On Thursday 28th September, Leeds Socialist Students and affiliated groups came together to mark International Safe Abortion Day. As Northern Ireland and the Republic of Ireland have not yet afforded their female citizens the right to legal abortion, Leeds Socialist Students placed this particular group of females at the forefront of their minds.
Eleanor Noyce, Leeds Uni Socialist Students
Speakers Amy Cousens, of the Women’s Lives Matter movement in Doncaster, and Tanis Belsham-Wray, member of the Socialist Party and former Women’s Officer at Leeds Trinity University, spent a few minutes discussing their involvement with the wider women’s emancipation movement. Amy spoke of the need to further change on a local level, highlighting the need for a more progressive approach of the Labour Council in Doncaster towards wider women’s issues, such as domestic violence.

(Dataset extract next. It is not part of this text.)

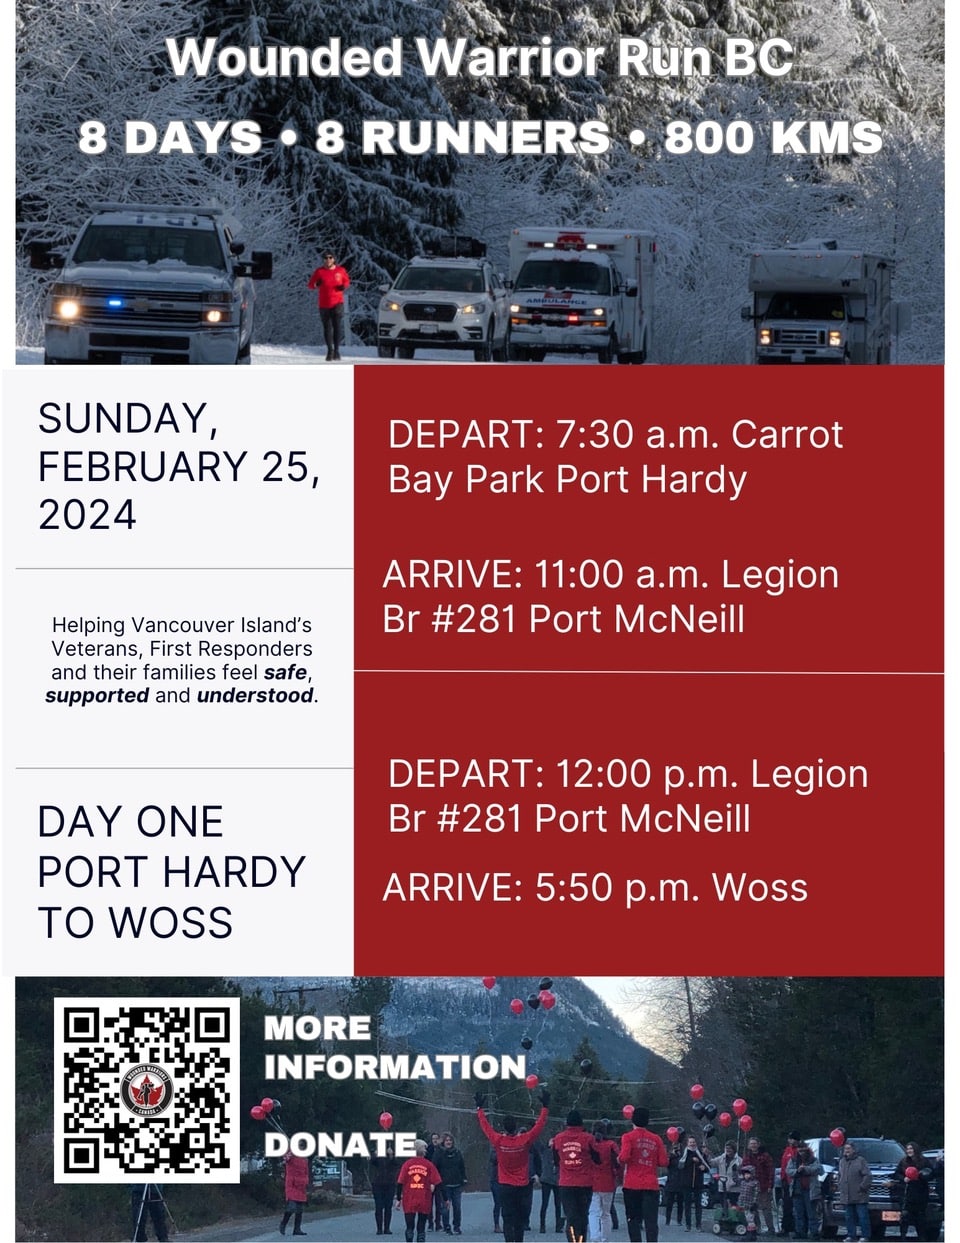 Wounded Warriors Run BC - Sunday February 25, 2024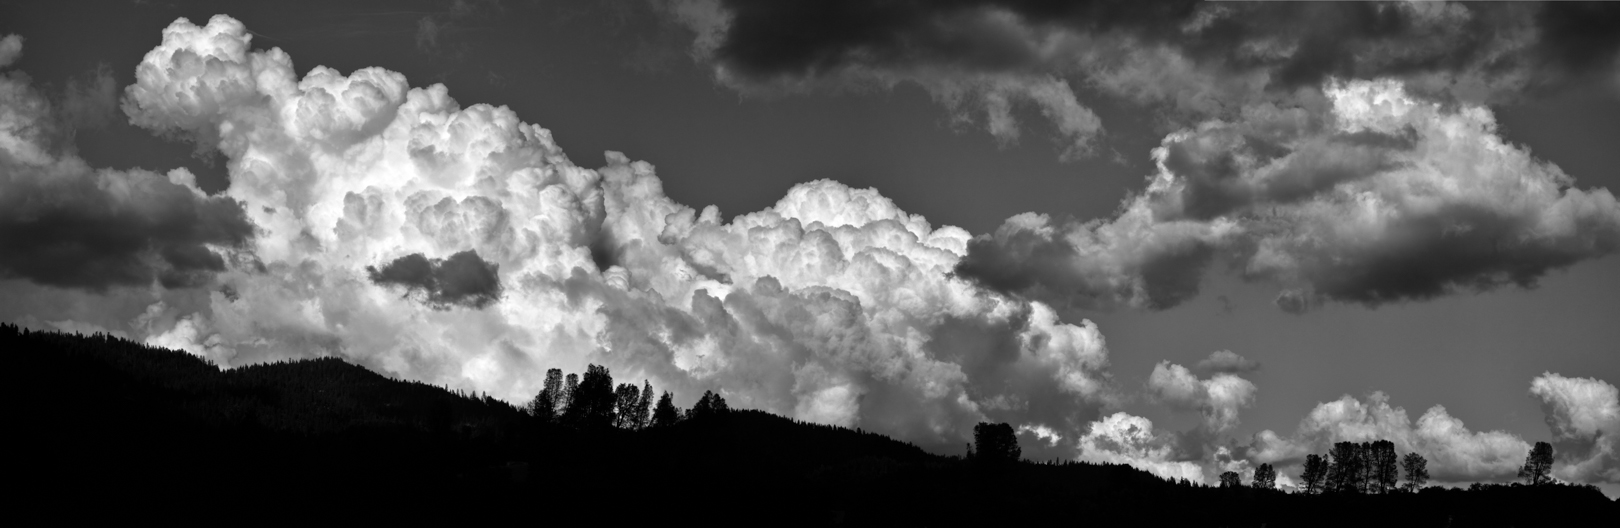 October Clouds-11.jpg

Both Tanis and Amy spoke of the struggles undertaken by Irish women in their search for a legal right to abortion. It is possible to travel across the border receive treatment. However, at present, the NHS only covers the cost of abortion for Northern Irish women, and not for women travelling from the Republic of Ireland. Thus, thousands of women pay out of their own pockets to receive treatment. This right is fundamental: Leeds Socialist Students extends its solidarity not just to the women suffering across the water, but to women all over the world who have not yet been afforded this right.